On the 5th of September, the first consignment of 99,100 doses of the Jyenneos vaccine against mpox arrived in the Democratic Republic of Congo (DRC). These vaccines arrived a few weeks after emergency declarations by both the Africa Centre for Disease Control (CDC) and the WHO, following a rise in cases, primarily in central and east Africa, and amongst rising concern of the spread of a new strain of the virus, clade 1b, which appears to particularly affect children. The number of vaccines arriving in DRC is far below those expected to be needed, and as affected neighbouring countries are still awaiting theirs, it seems unlikely that the 10 million doses requested by Africa CDC’s Director for the continent are on the horizon. Civil society organisations have called out prohibitive pricing by pharmaceutical companies and hoarding of vaccines by countries in the Global North as major obstacles to the mpox response in Africa. As in the days of the COVID-19 pandemic, global vaccine injustice is once again a glaring problem not only for countries immediately affected but for global efforts to stop transmission.
Who makes decisions about how vaccines are deployed?
Against this backdrop, efforts are being made to increase supply wherever possible, for example through Gavi’s activation of the new First Response Fund to mobilise 500,000 doses and plans to create a stockpile. As affected countries prepare to deliver vaccines, however scarce, important decisions face health officials about how to deploy scarce supplies. The National Immunisation Technical Advisory Group (NITAG) in DRC, for example, is planning to target both frontline healthcare workers and groups previously identified as being at risk, such as commercial sex workers. This decision has already raised questions, for example as to whether the “mechanical inclusion of groups without a clear history of recent exposure” makes sense or whether it might be better to focus on known contacts of contacts (as it was during ring vaccinations for Ebola in West Africa, for example), particularly with limited doses available. Normally, these decisions are made solely by governments and public health experts, rarely in consultation with communities affected by the disease or those belonging to groups targeted by vaccination plans. The public tends to be informed at the point at which vaccines arrive in their towns and villages, with limited time to engage communities in any meaningful way, if at all. There are however very good reasons why governments embarking on the design of an emergency vaccination campaign might want to consider consulting the public early, and important lessons can be learned from other experiences across the continent and beyond during other outbreaks and vaccination campaigns.

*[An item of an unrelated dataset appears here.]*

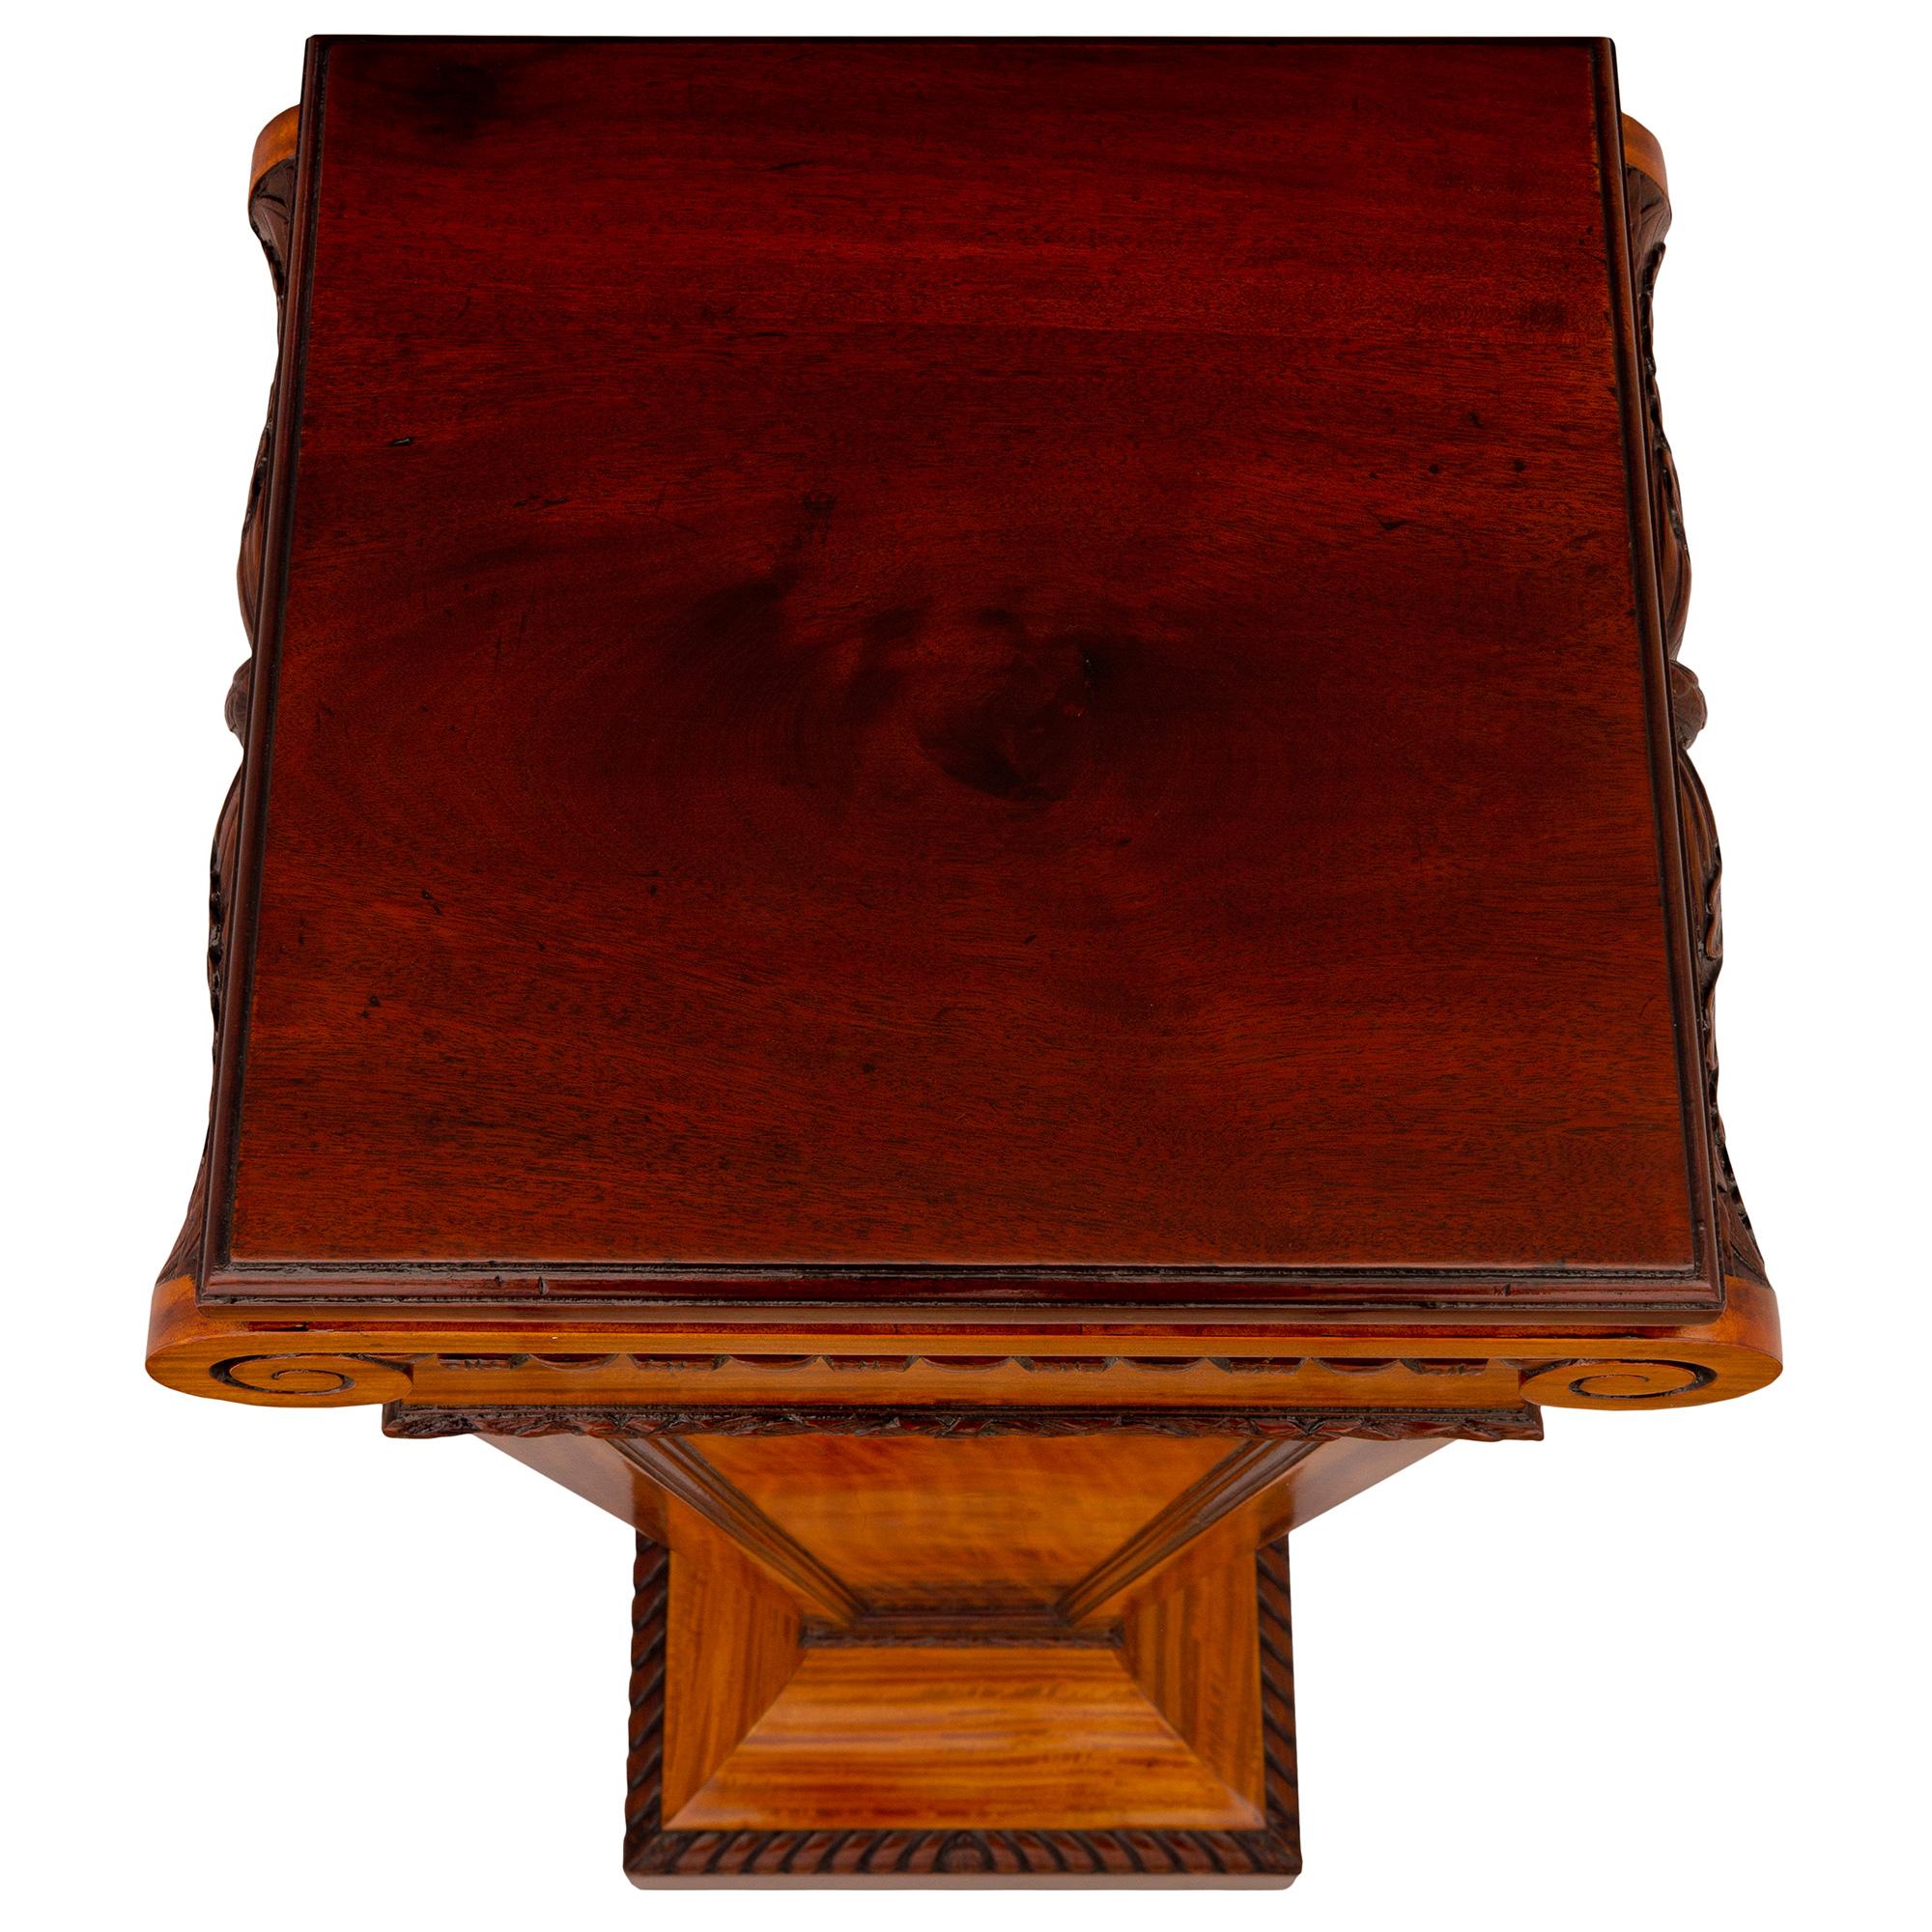 Eine elegante englische Regency-Säule aus dem 19. Jahrhundert aus Satinholz. Der Sockel wird von einem quadratischen Sockel mit einem fein geschnitzten, umlaufenden Gadroon-Muster getragen. Über dem leicht geschwungenen, sockelförmigen Sockel

Lessons from the PULSE project
For the last year the UKHIH has been supporting a System Innovation Partnership to synthesise and develop evidence around how to best engage communities in vaccines delivery in crisis contexts.

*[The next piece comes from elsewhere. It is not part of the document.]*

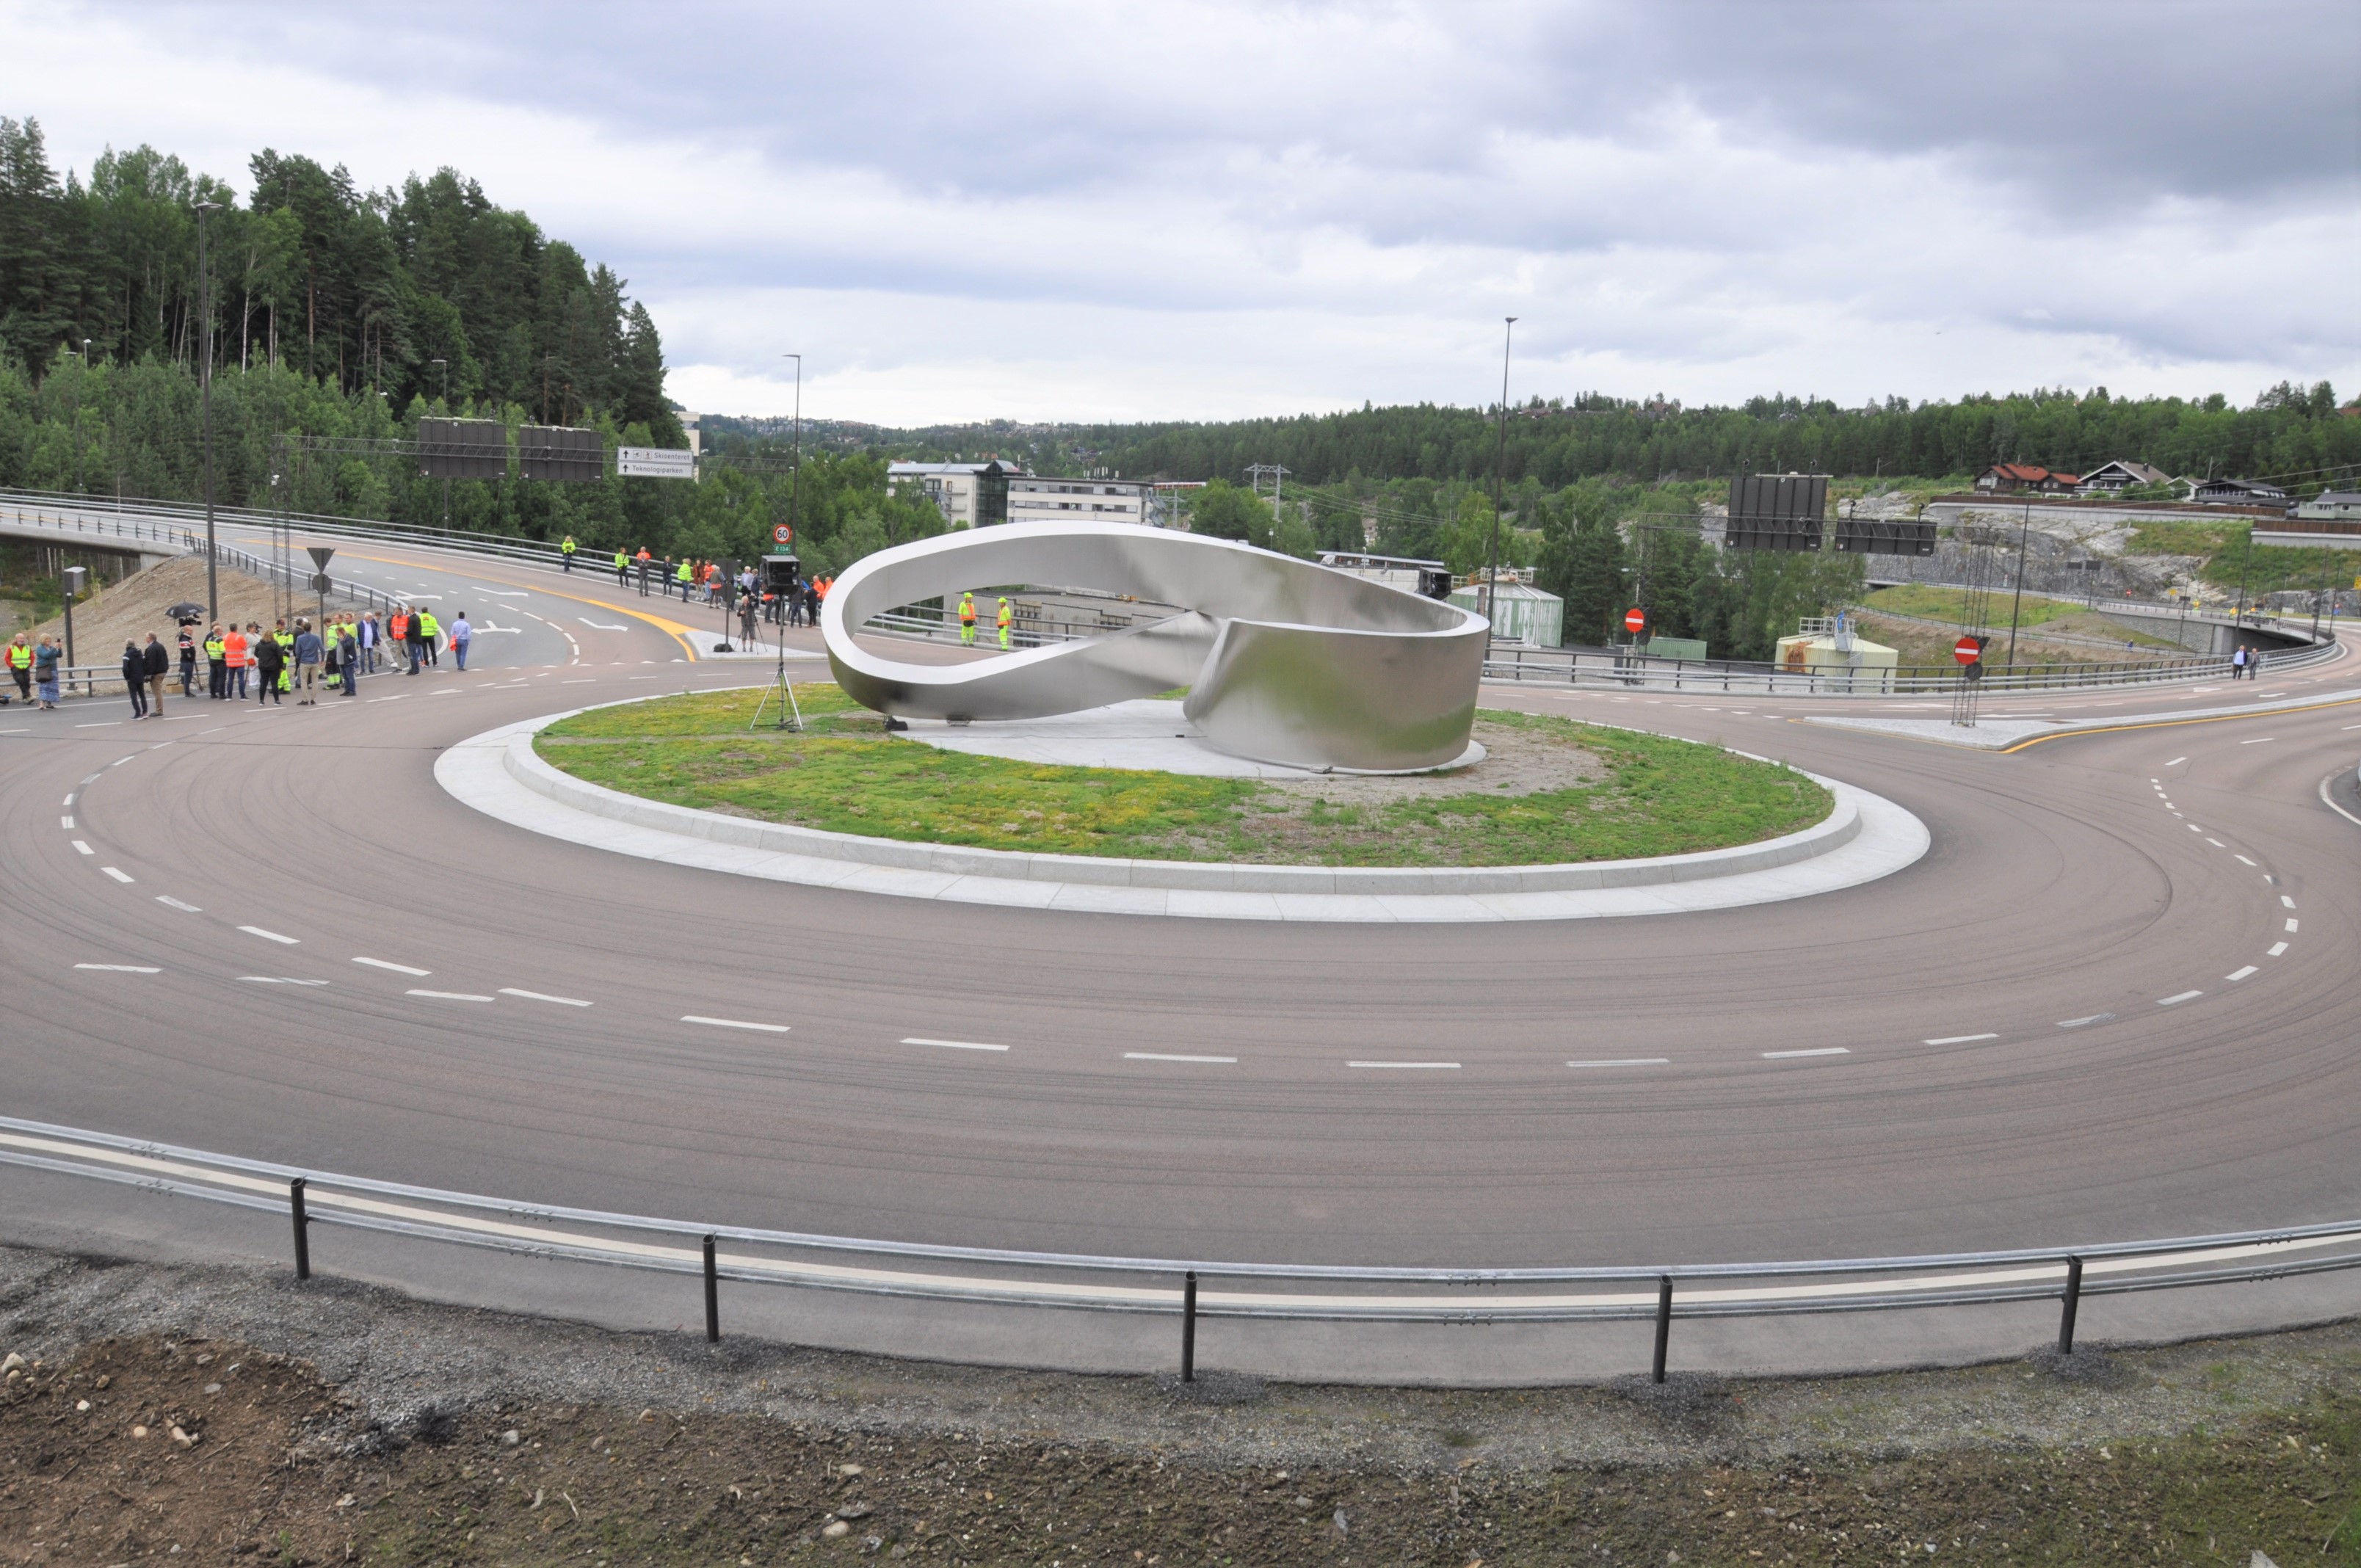 Prosjektets største kunstverk Møbius i rundkjøring i Sellikdalen. (Foto: Kjell Wold)

The PULSE project, is a collaboration between the IFRC, Childcare and Wellness Clinics in Nigeria, Addis Ababa University in Ethiopia, the London School of Hygiene & Tropical Medicine and the Geneva Centre of Humanitarian Studies at University of Geneva, we have conducted qualitative research in Kano (Nigeria) and Dire Dawa (Ethiopia). It aims to establish an evidence base to support community-led vaccine deployment strategies in humanitarian contexts. This research highlights two key areas that those involved in the deployment of mpox vaccines may want to consider: the possibility of co-design of vaccination strategies and avenues to build trust amongst affected populations.

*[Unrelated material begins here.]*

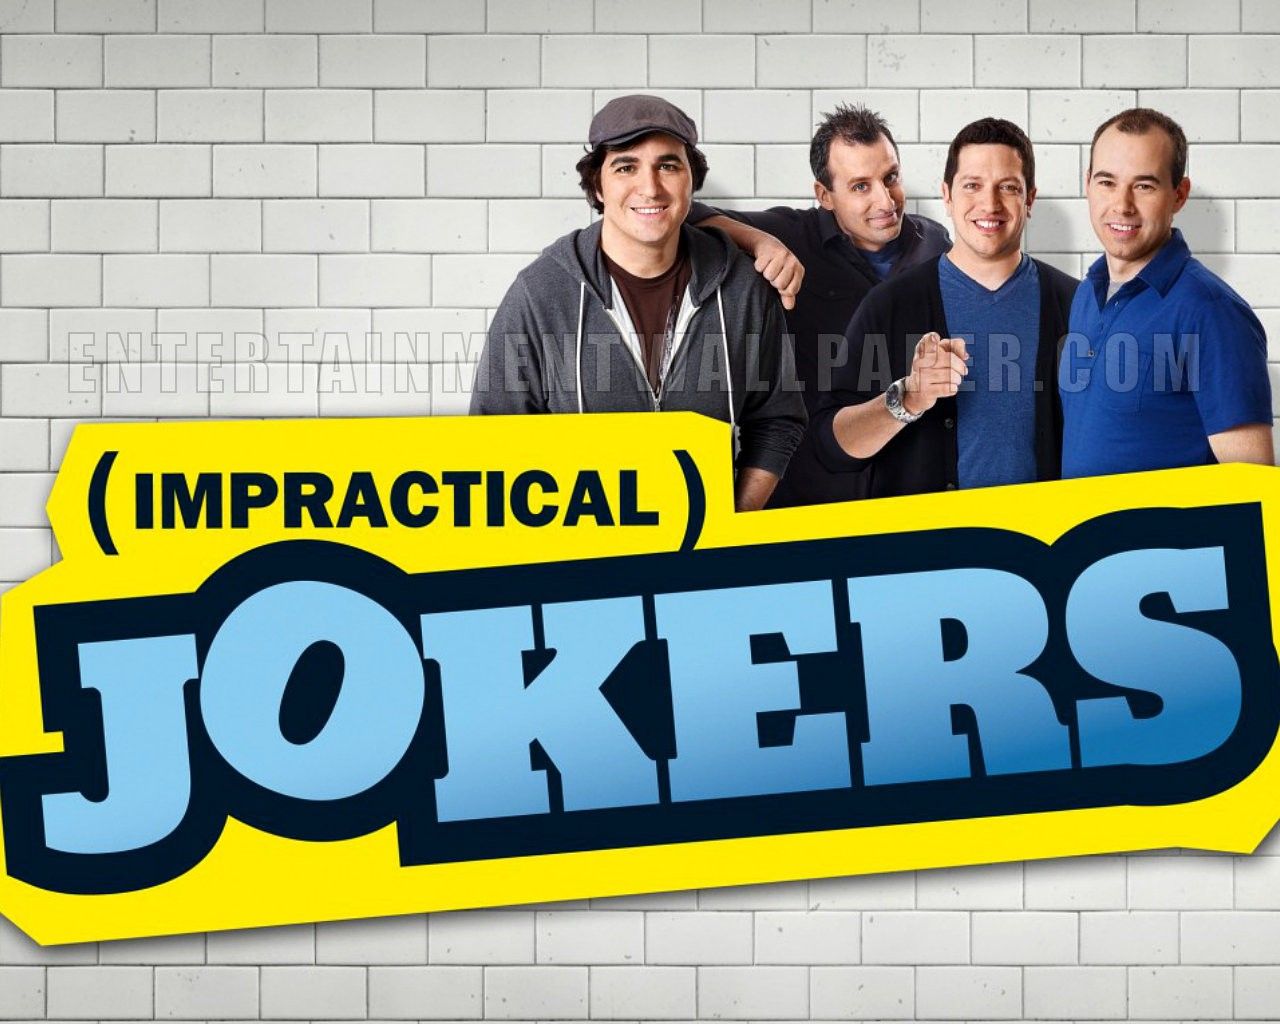 impractical jokers. Impractical jokers, Joker wallpaper, Joker

Co-Designing Vaccine Strategies
Despite increasing attention amongst humanitarian and public health practitioners to community engagement as a key component of epidemic response, in the context of vaccination, this remains seen primarily as an activity to be conducted at the point of delivery, to build confidence or address pockets of vaccine hesitancy. During emergencies in particular, these processes also tend to be hurried, responding as quickly as possible to vaccine availability or central decisions to vaccinate. In our research in Nigeria, for example, Red Cross volunteers were only given a couple of days to go house to house to alert the public that there would be a diphtheria vaccination campaign to respond to an outbreak in the North of the country. Even when there is a longer build up to develop a comprehensive engagement strategy, as was the case for example during the COVID-19 pandemic, community engagement specialists have to work around plans that have often already been made about how, when and where vaccination will take place. Consultations with the public prior to the design of a vaccination campaign however could improve the effectiveness of deployment and to build trust with the population. This is especially important in the current context of scarcity and humanitarian contexts, where mass campaigns are not always feasible and difficult decisions have to be made about targeting.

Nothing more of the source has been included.